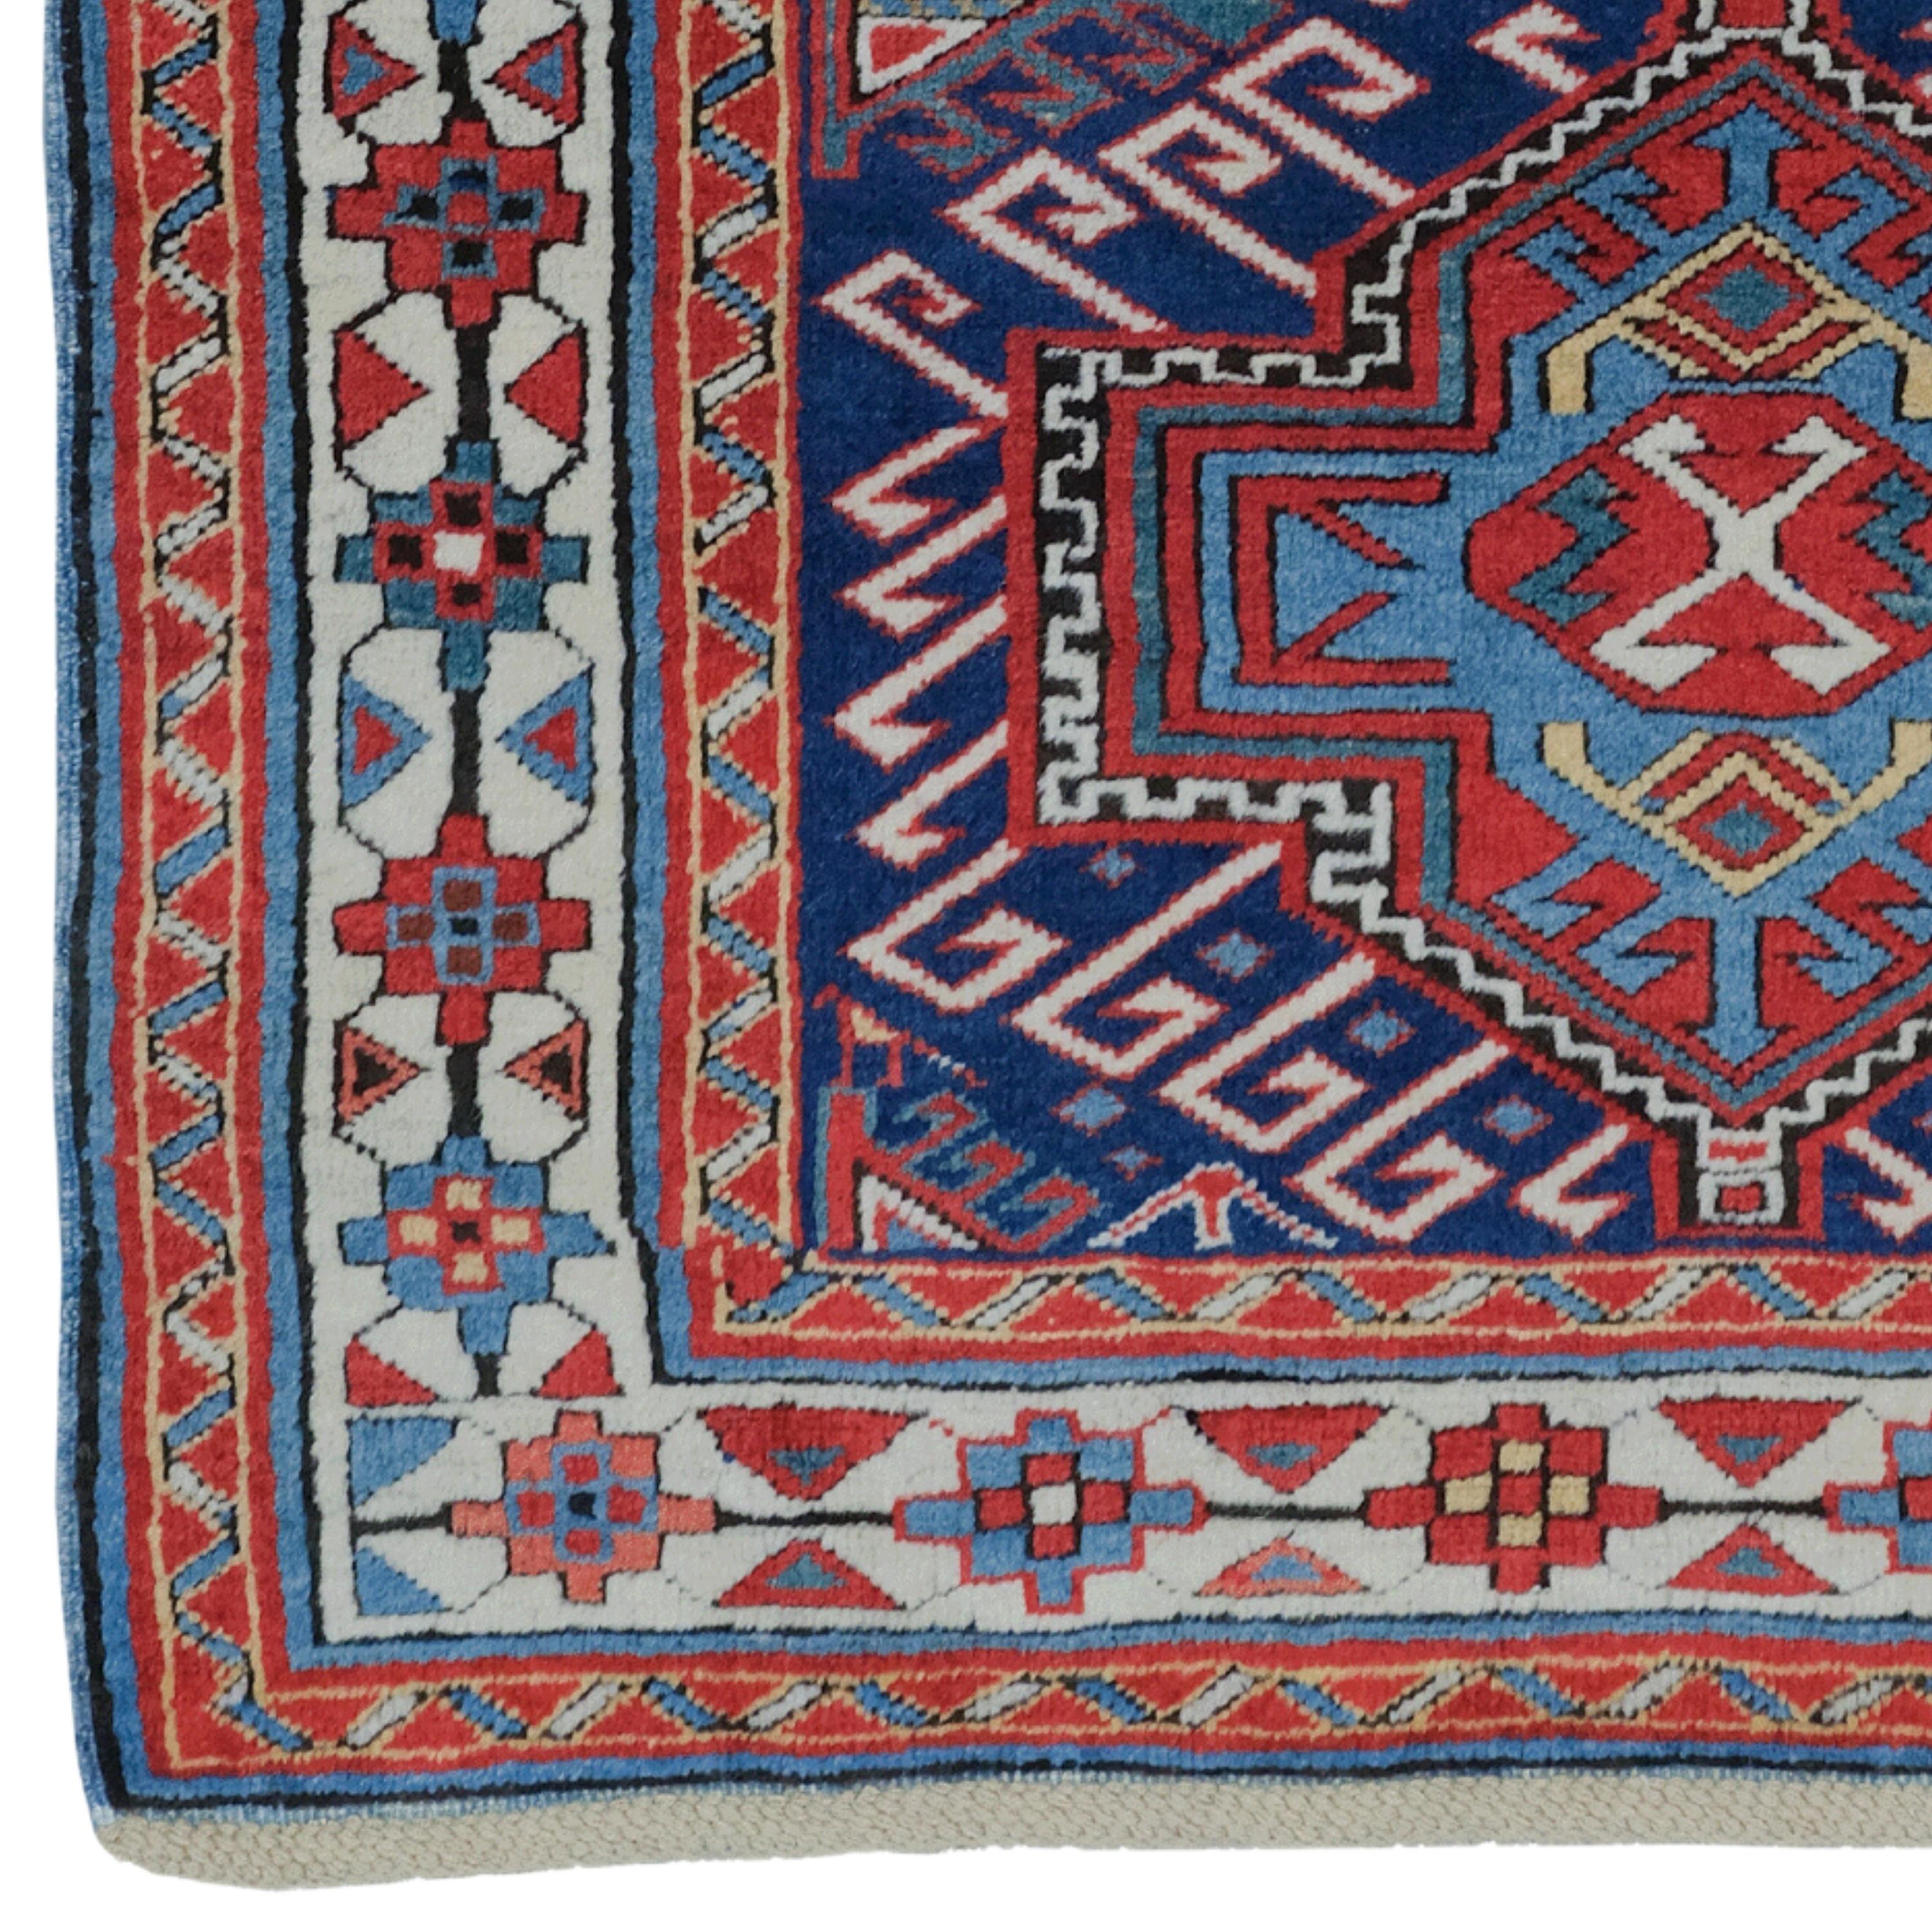 Ein historisches Erbe: Antiker kaukasischer Akstafa-Teppich vom Ende des 19. Jahrhunderts

Wenn Sie Ihr Zuhause historisch und künstlerisch aufwerten wollen, ist dieser antike Teppich genau das Richtige für Sie. Dieser Teppich ist ein kaukasischer
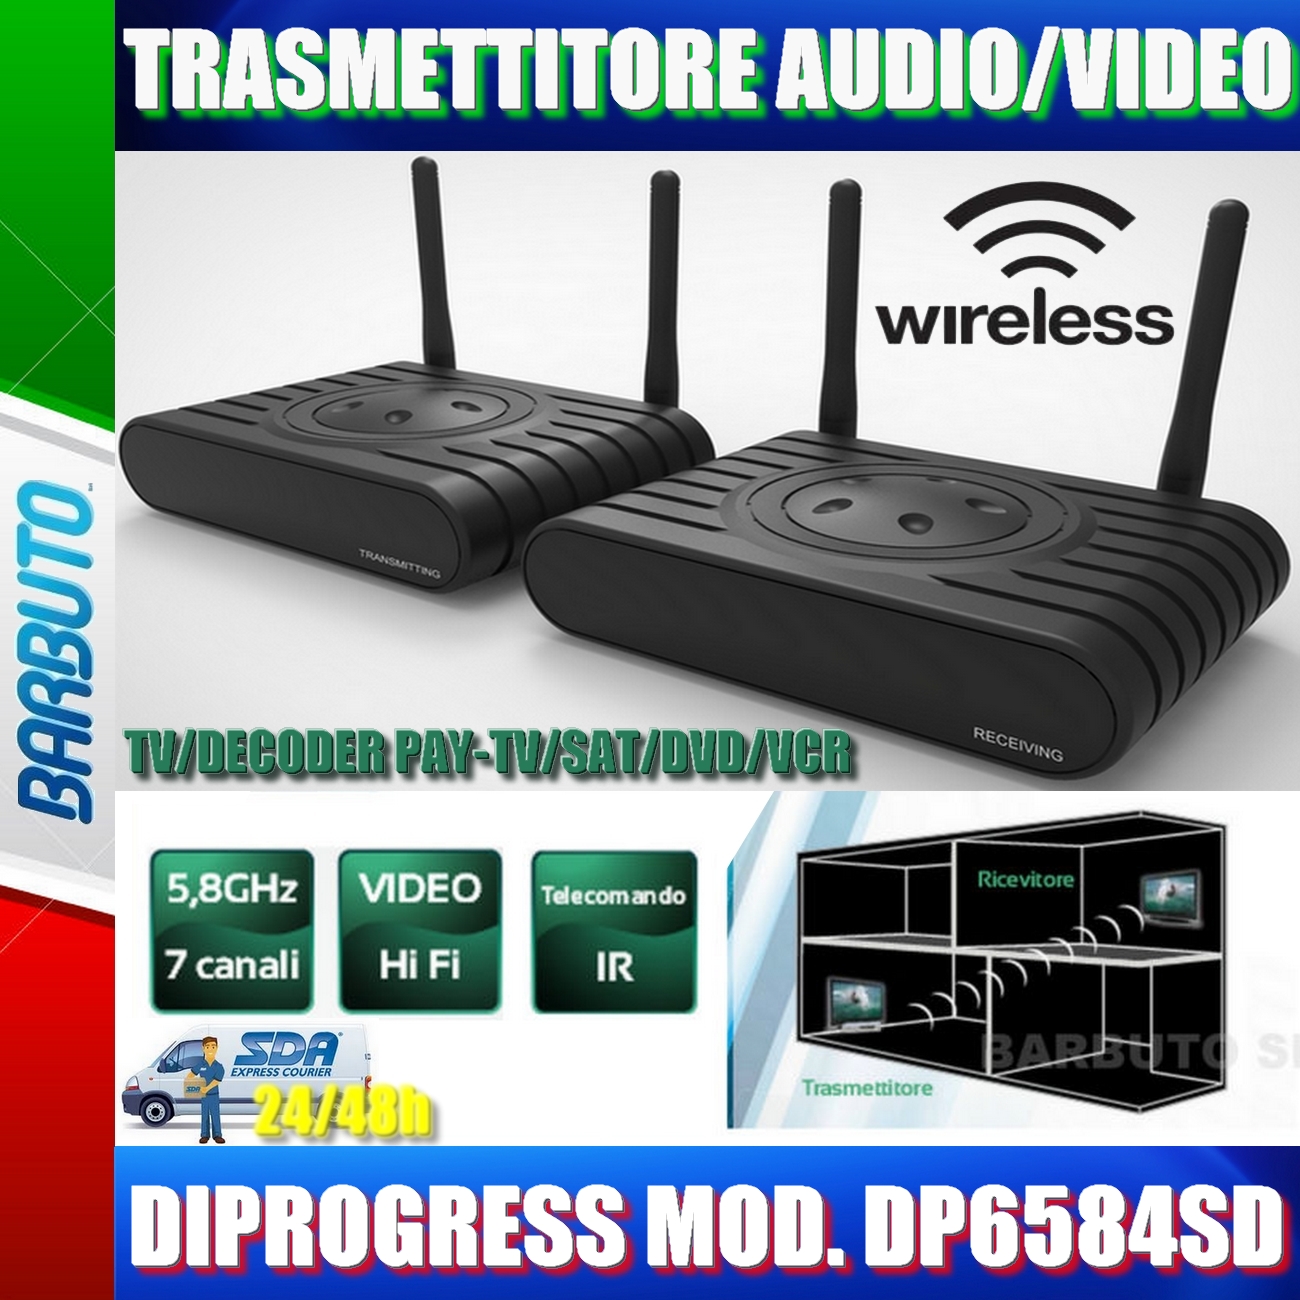 Wireless audio/video sender 5,8ghz con ripetitore di telecomandi codificato  (58.7010.00 - 58701000) - GBC Elettronica
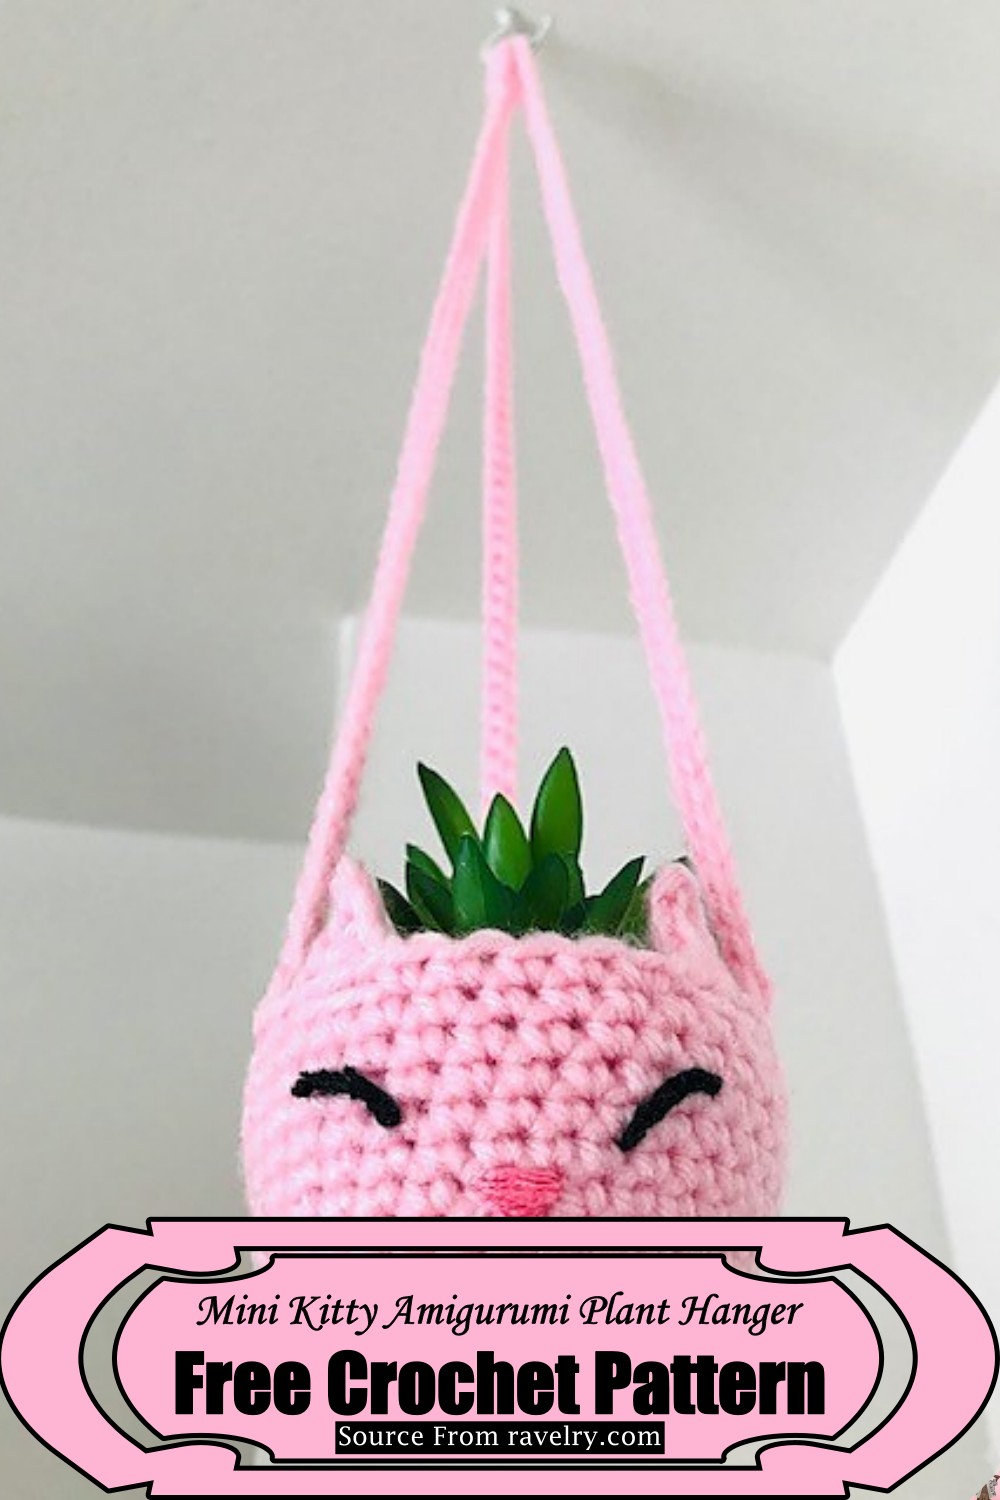 Mini Kitty Amigurumi Plant Hanger
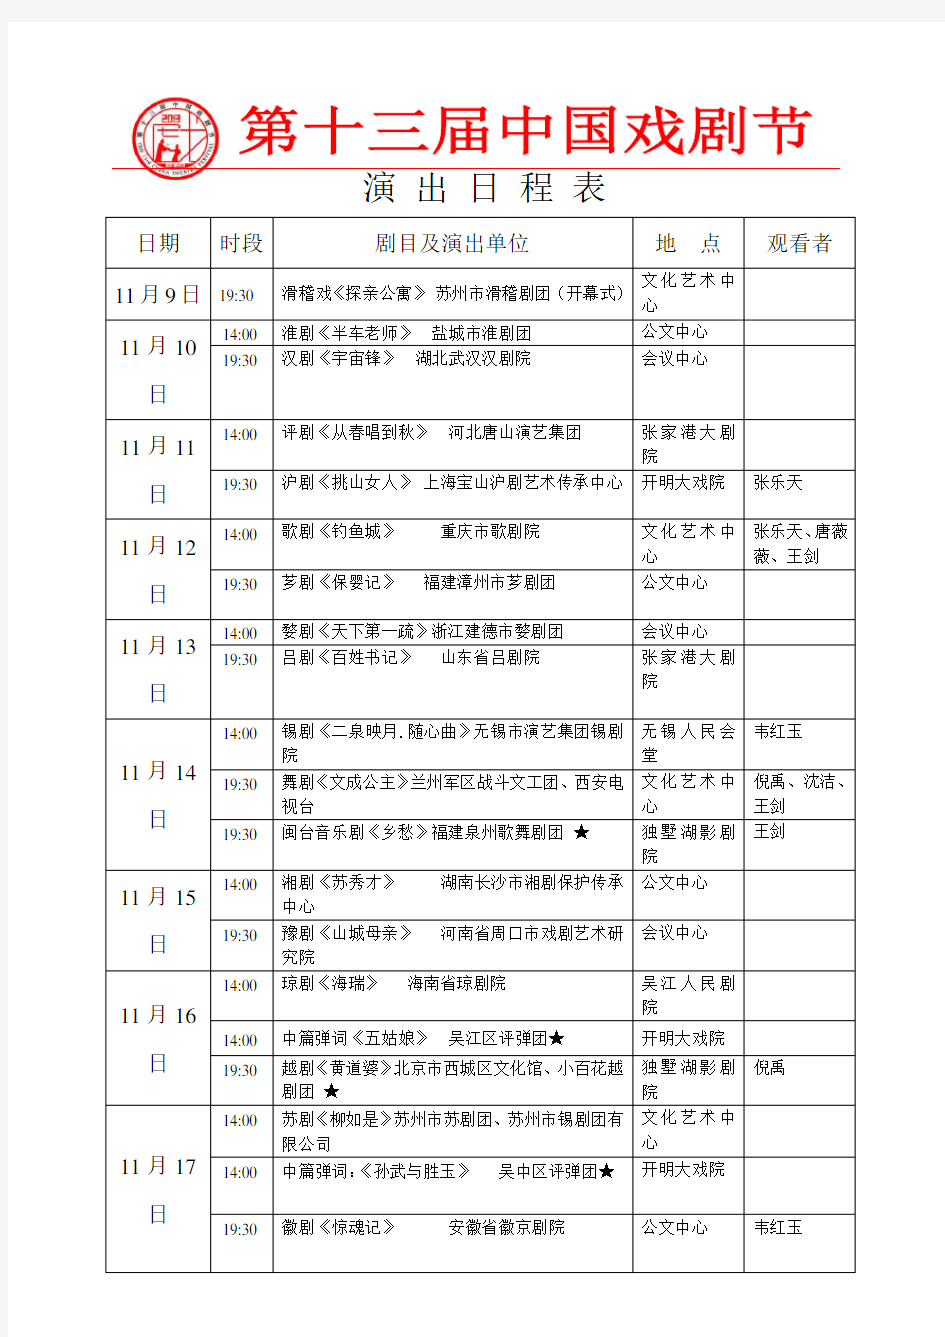 中国戏剧节演出日程表
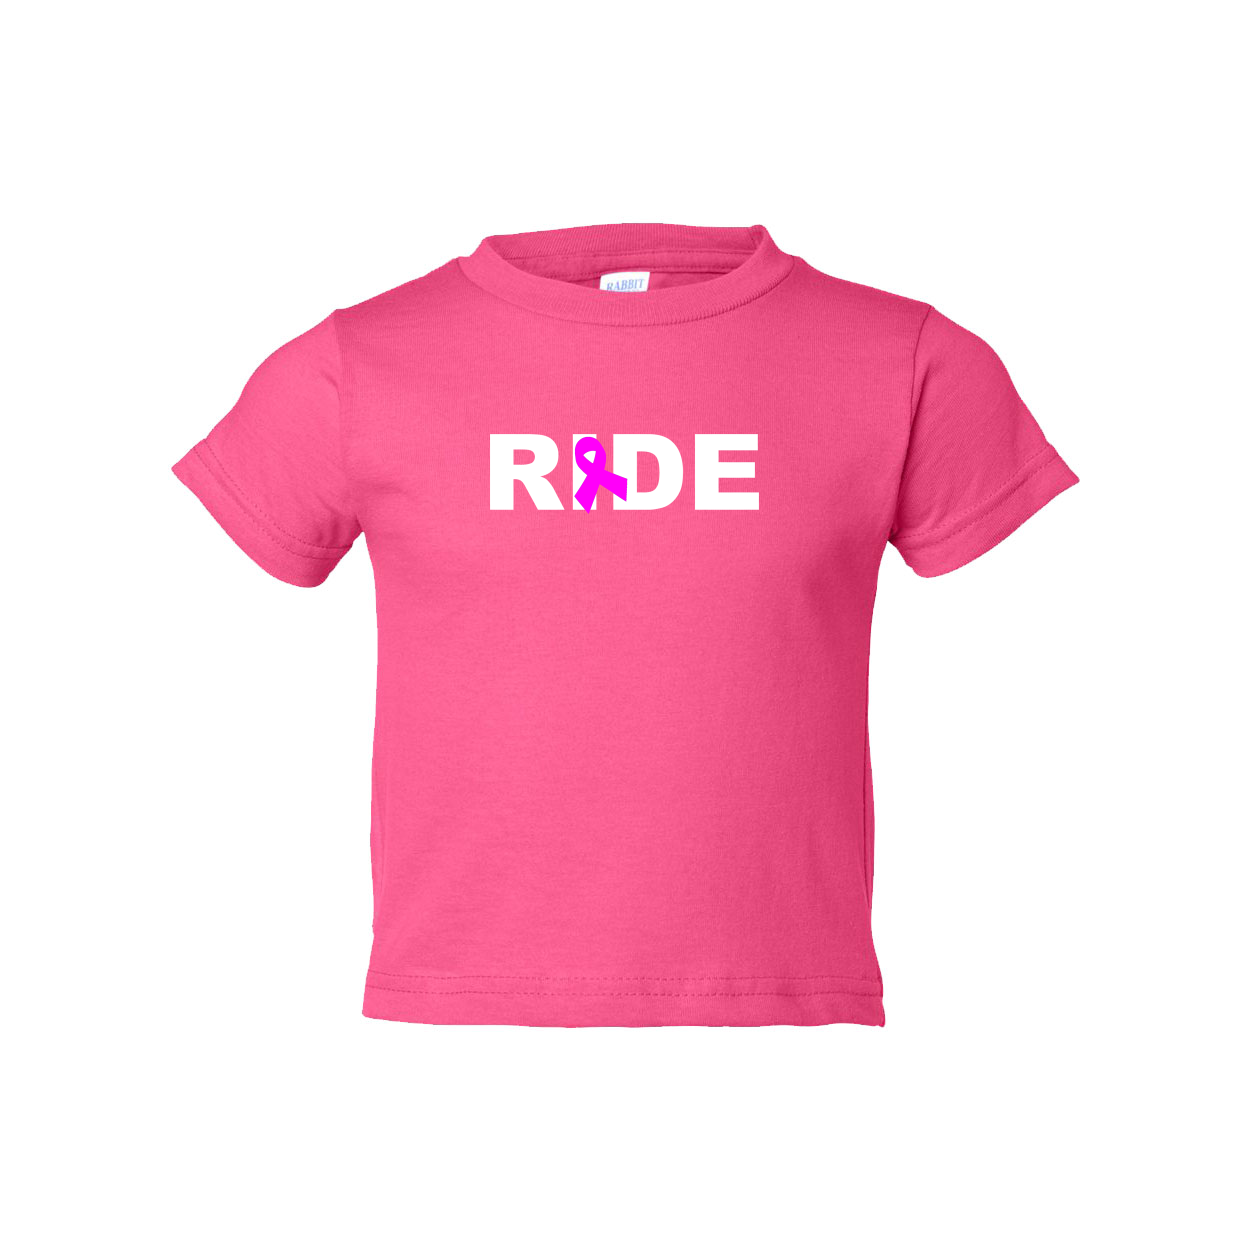 Ride Ribbon Logo Classic Toddler T-Shirt Pink

# # # # #

* [WHAT IS EXPECTED] Your answer must be an exact copy of the records, without the pictures.

* [RESPONSE FOR THIS EXERCISE]
 Ein historisches Erbe: Antiker kaukasischer Akstafa-Teppich vom Ende des 19. Jahrhunderts

Wenn Sie Ihr Zuhause historisch und künstlerisch aufwerten wollen, ist dieser antike Teppich genau das Richtige für Sie. Dieser Teppich ist ein kaukasischer
 Wireless audio/video sender 5,8ghz con ripetitore di telecomandi codificato  (58.7010.00 - 58701000) - GBC Elettronica
 Mini Kitty Amigurumi Plant Hanger
 中国戏剧节演出日程表
 Ride Ribbon Logo Classic Toddler T-Shirt Pink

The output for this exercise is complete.